**EXERCISE PROMPT**
Reproduce the whole listing exactly and let no picture into the copy.
━━━━━ RECORDED INFORMATION ━━━━━
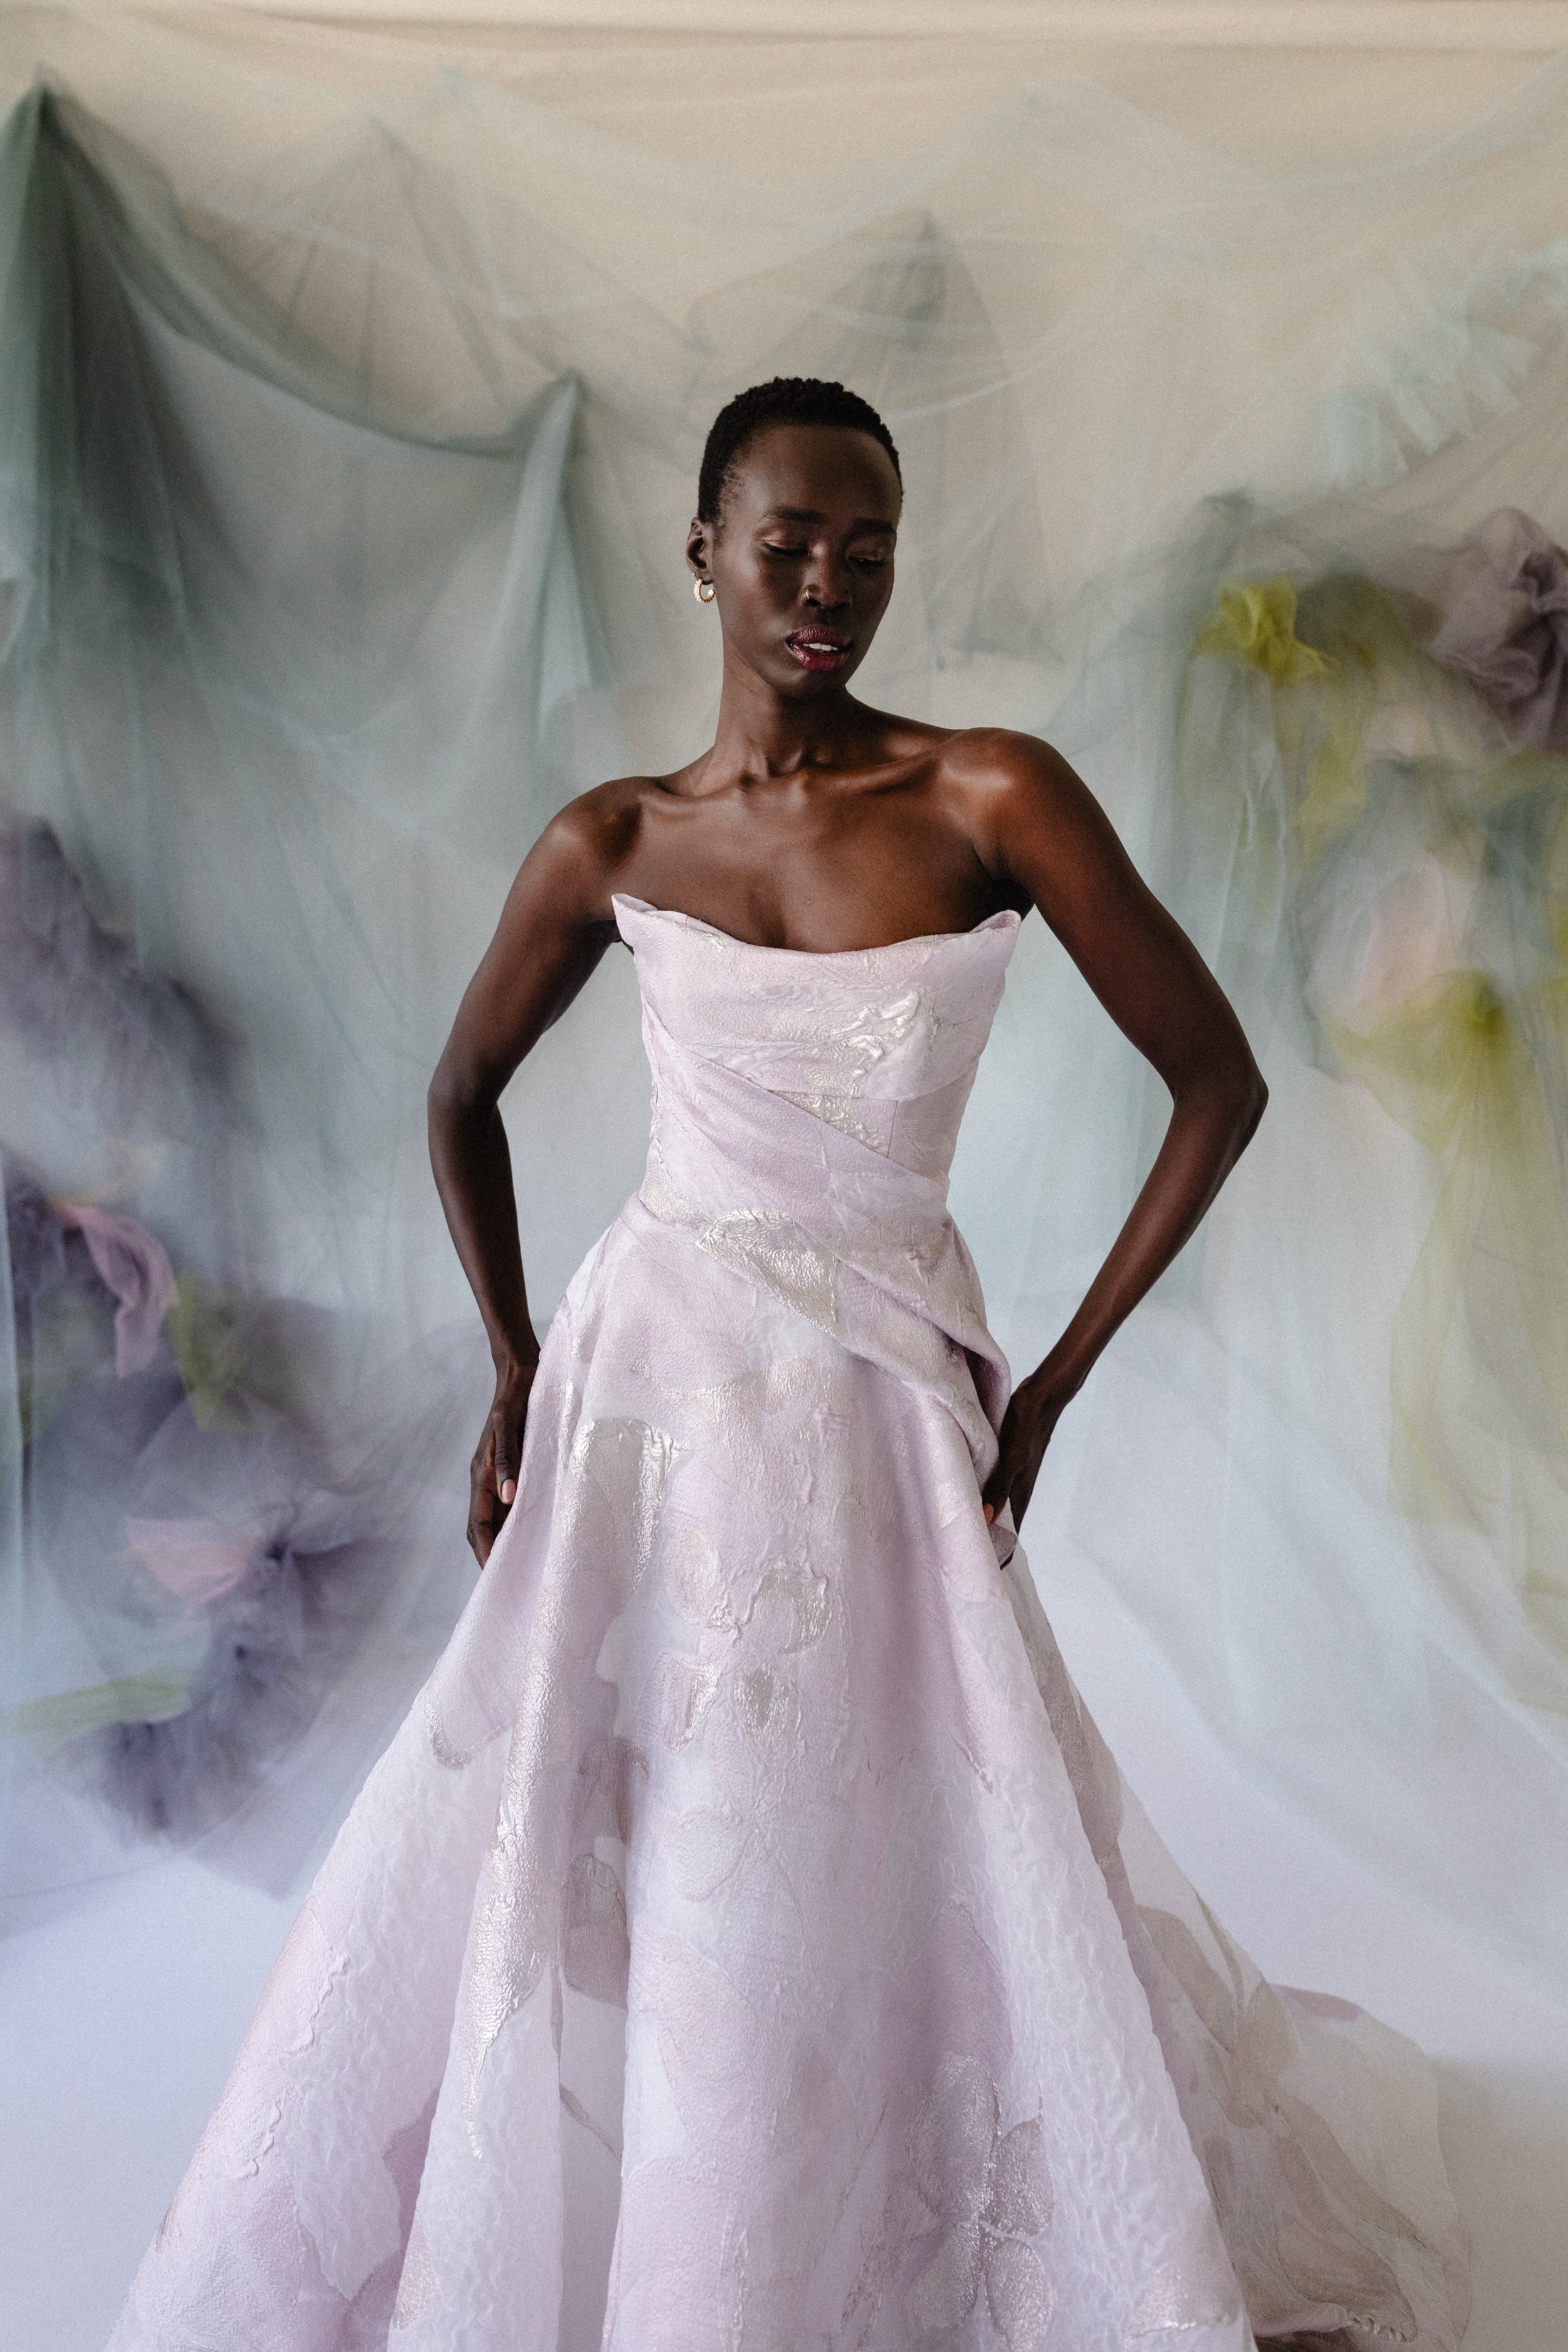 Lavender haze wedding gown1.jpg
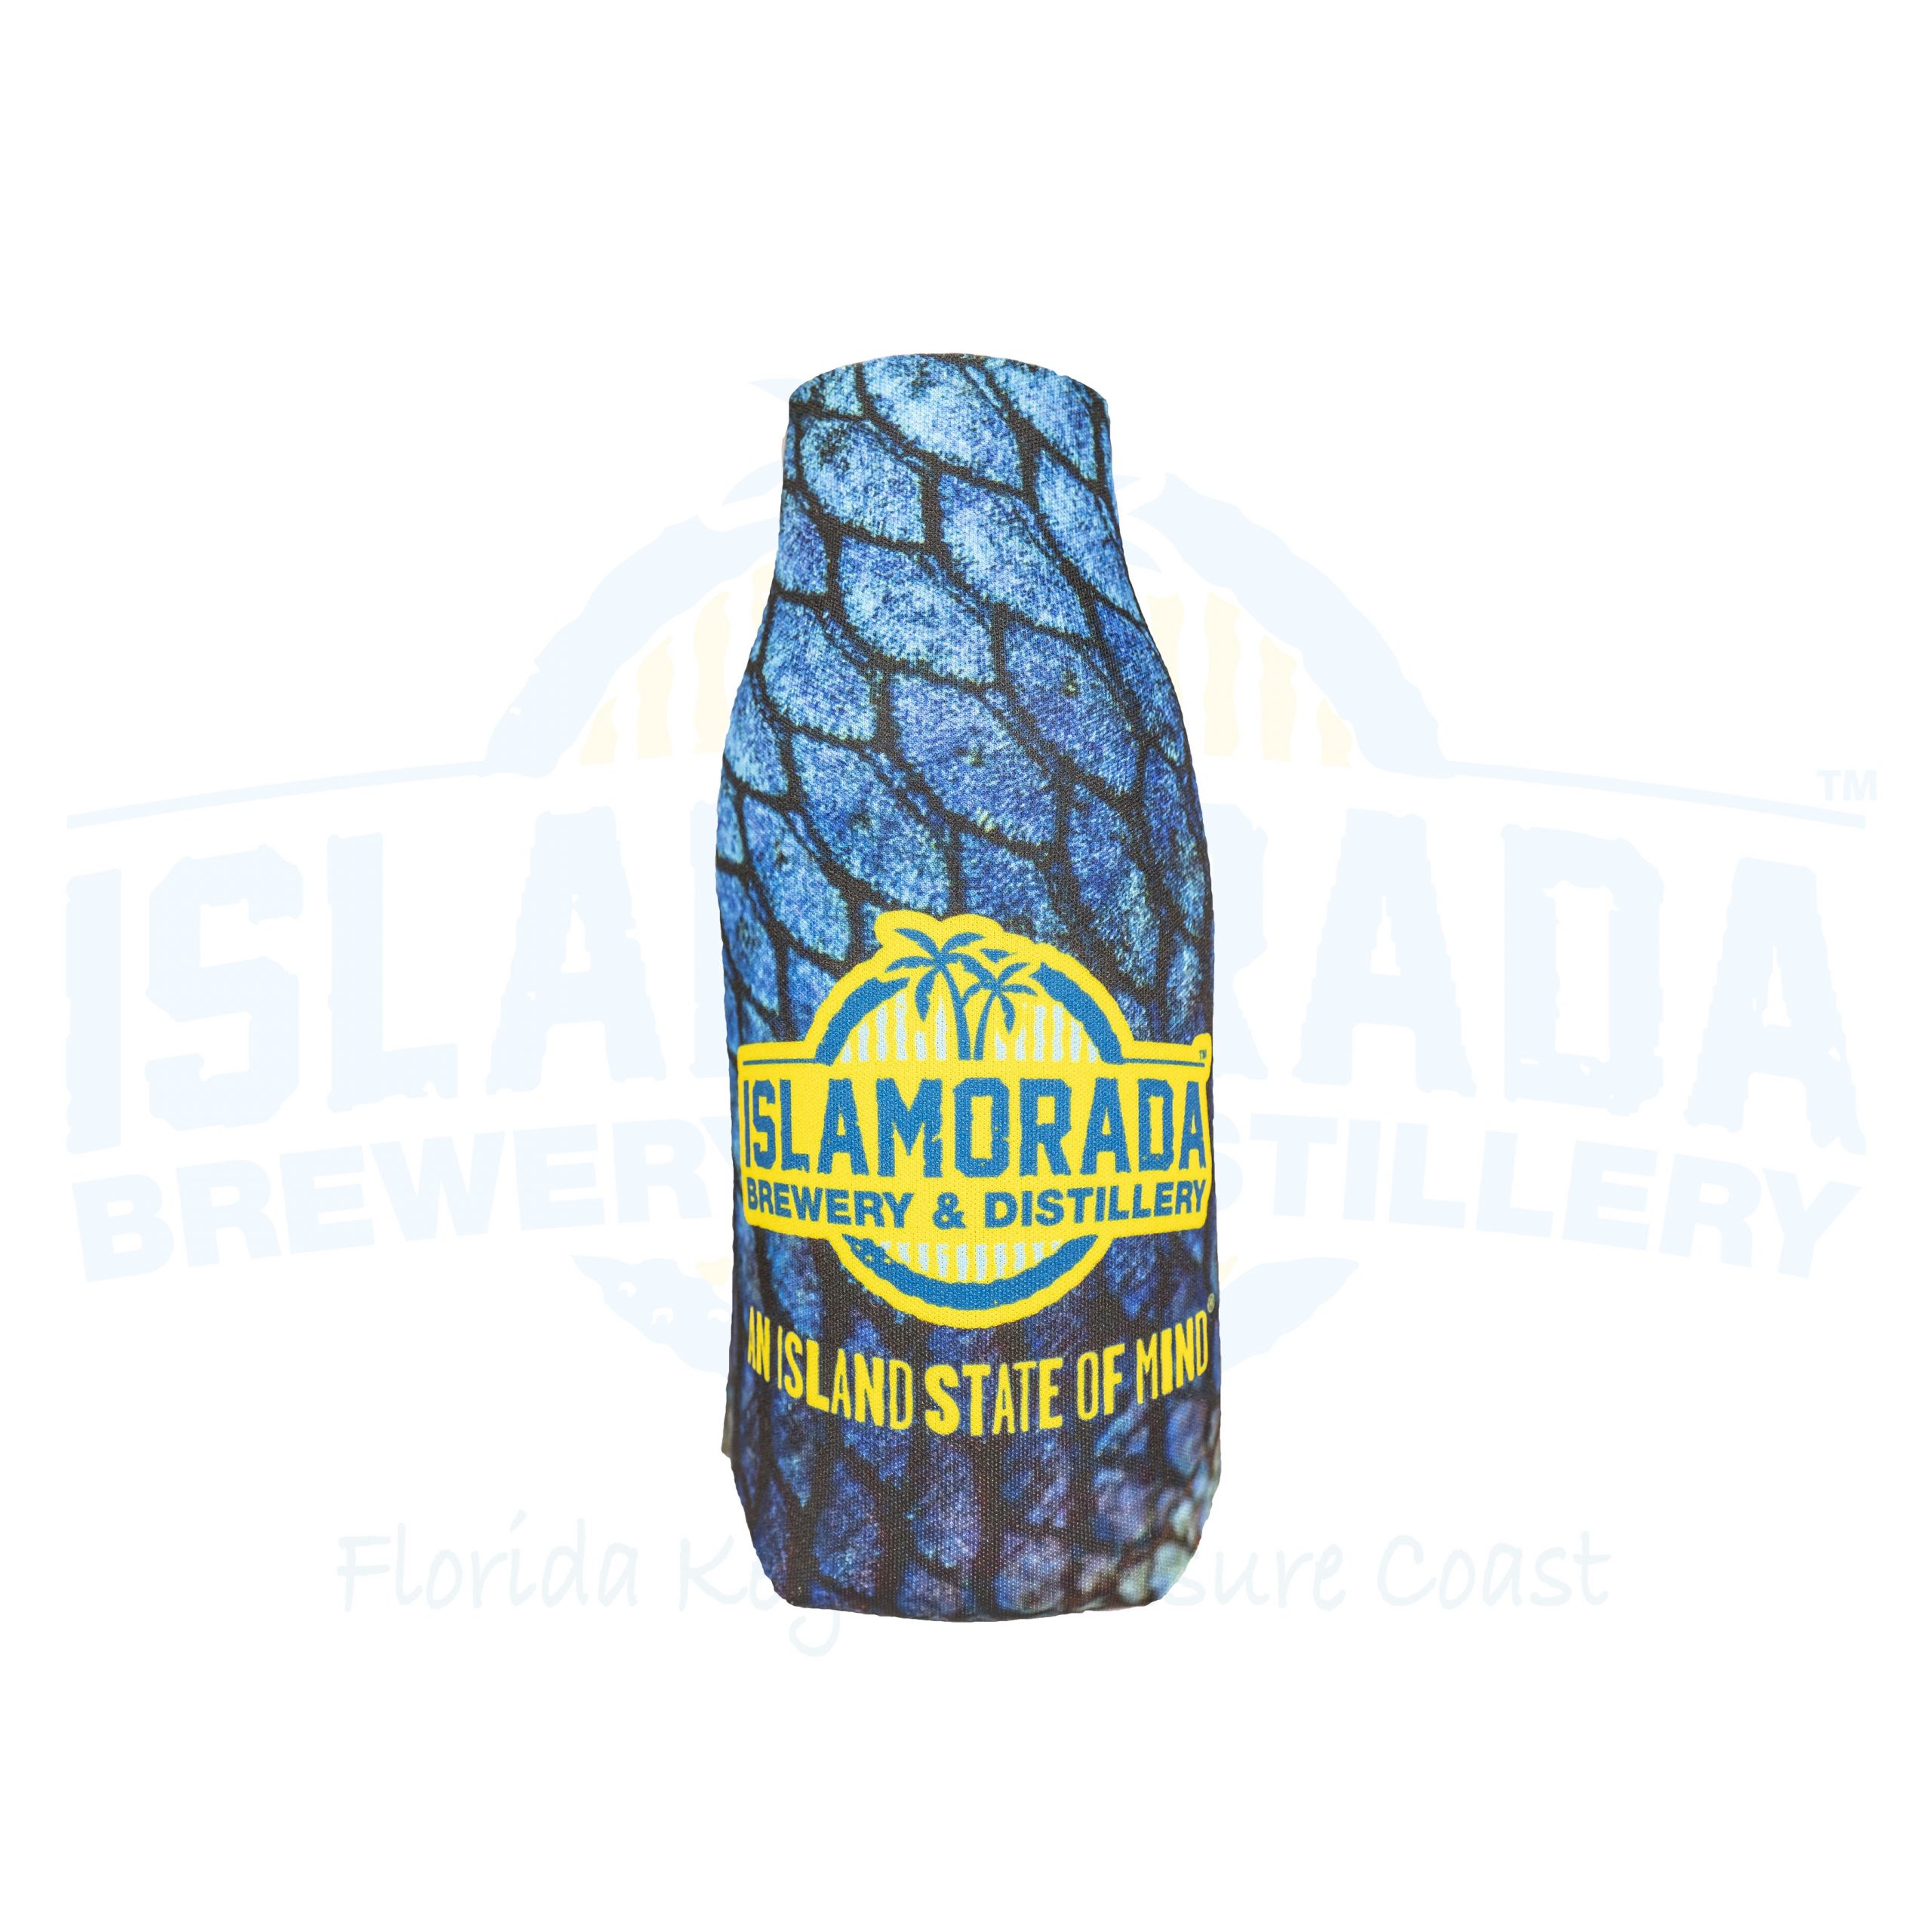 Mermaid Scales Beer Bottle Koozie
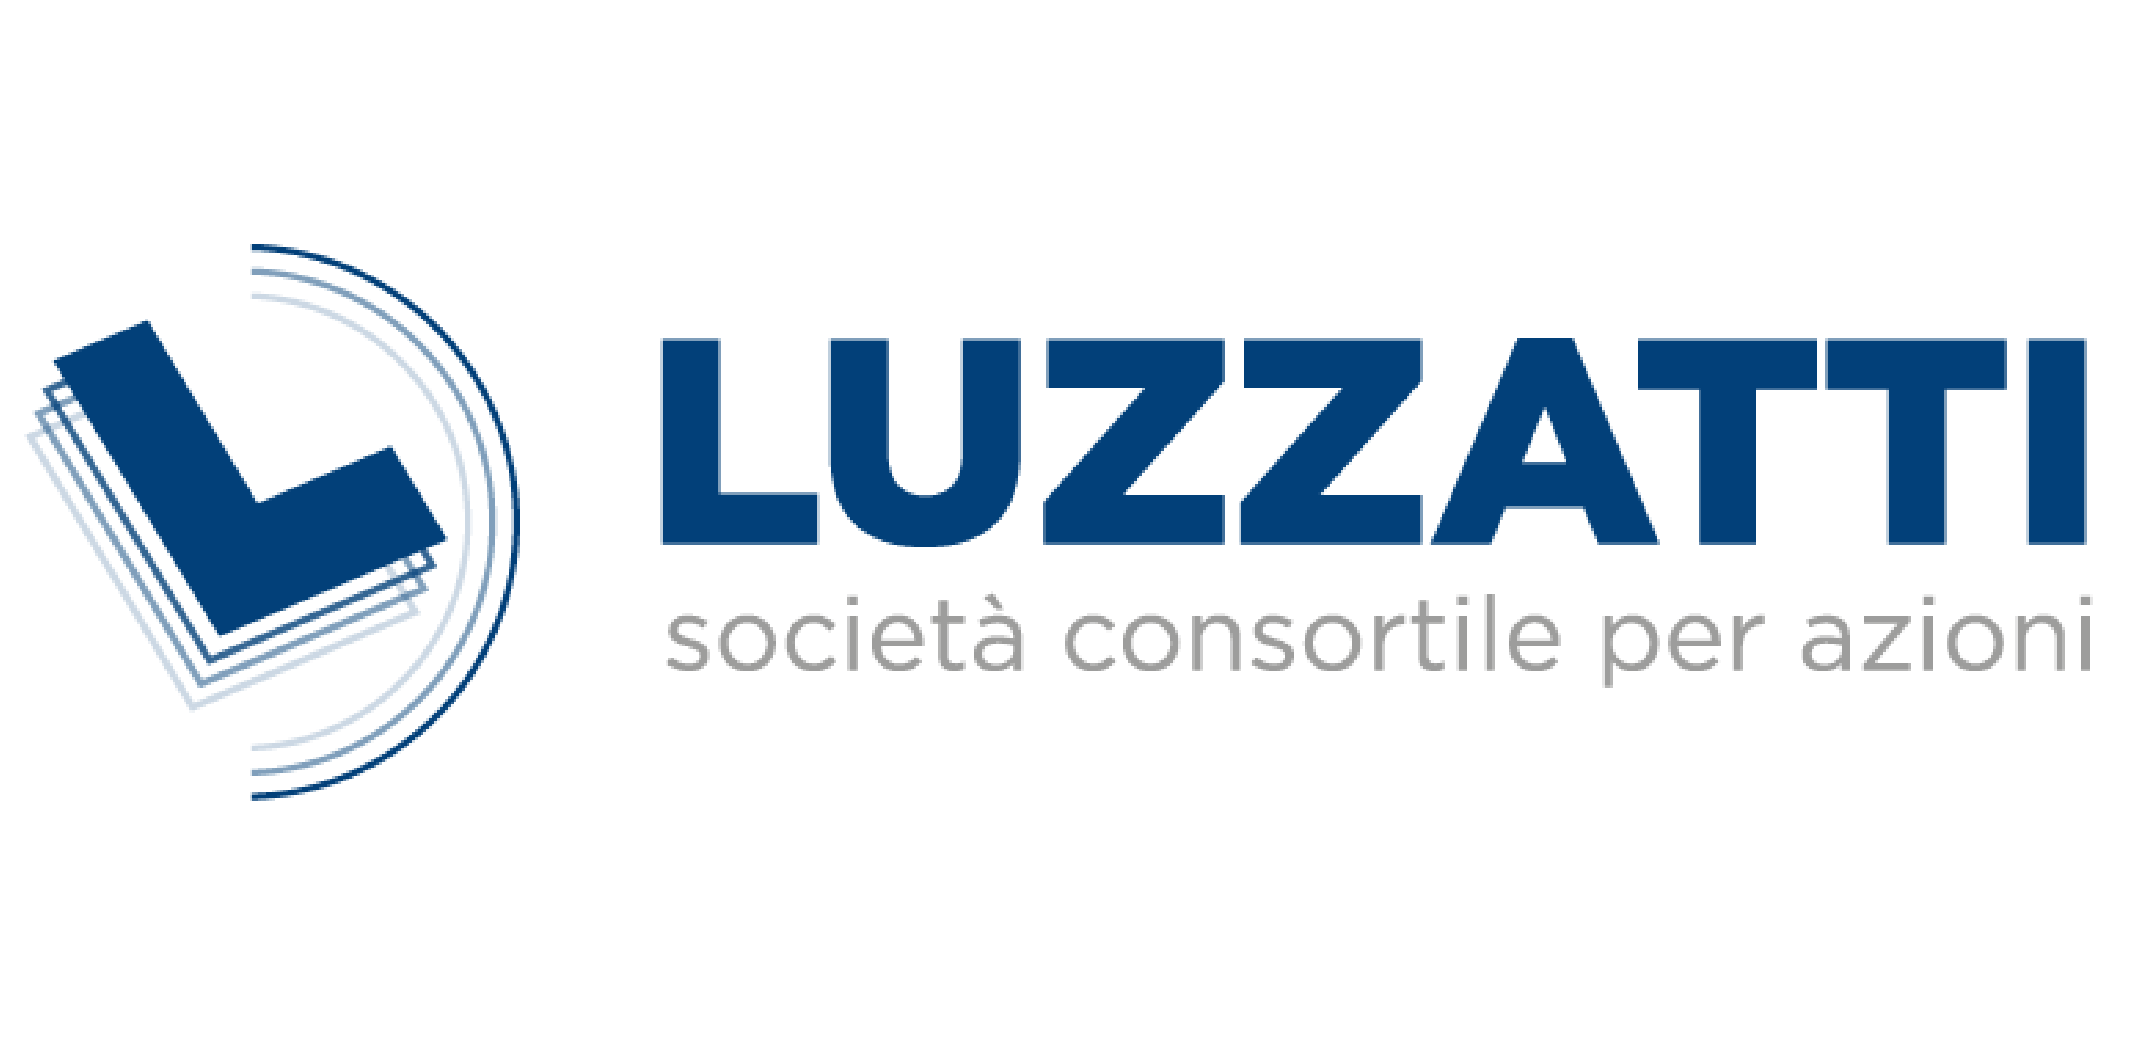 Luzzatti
━━━━━
**FINISHED EXERCISE**
 Lavender haze wedding gown1.jpg
 Mermaid Scales Beer Bottle Koozie
 Luzzatti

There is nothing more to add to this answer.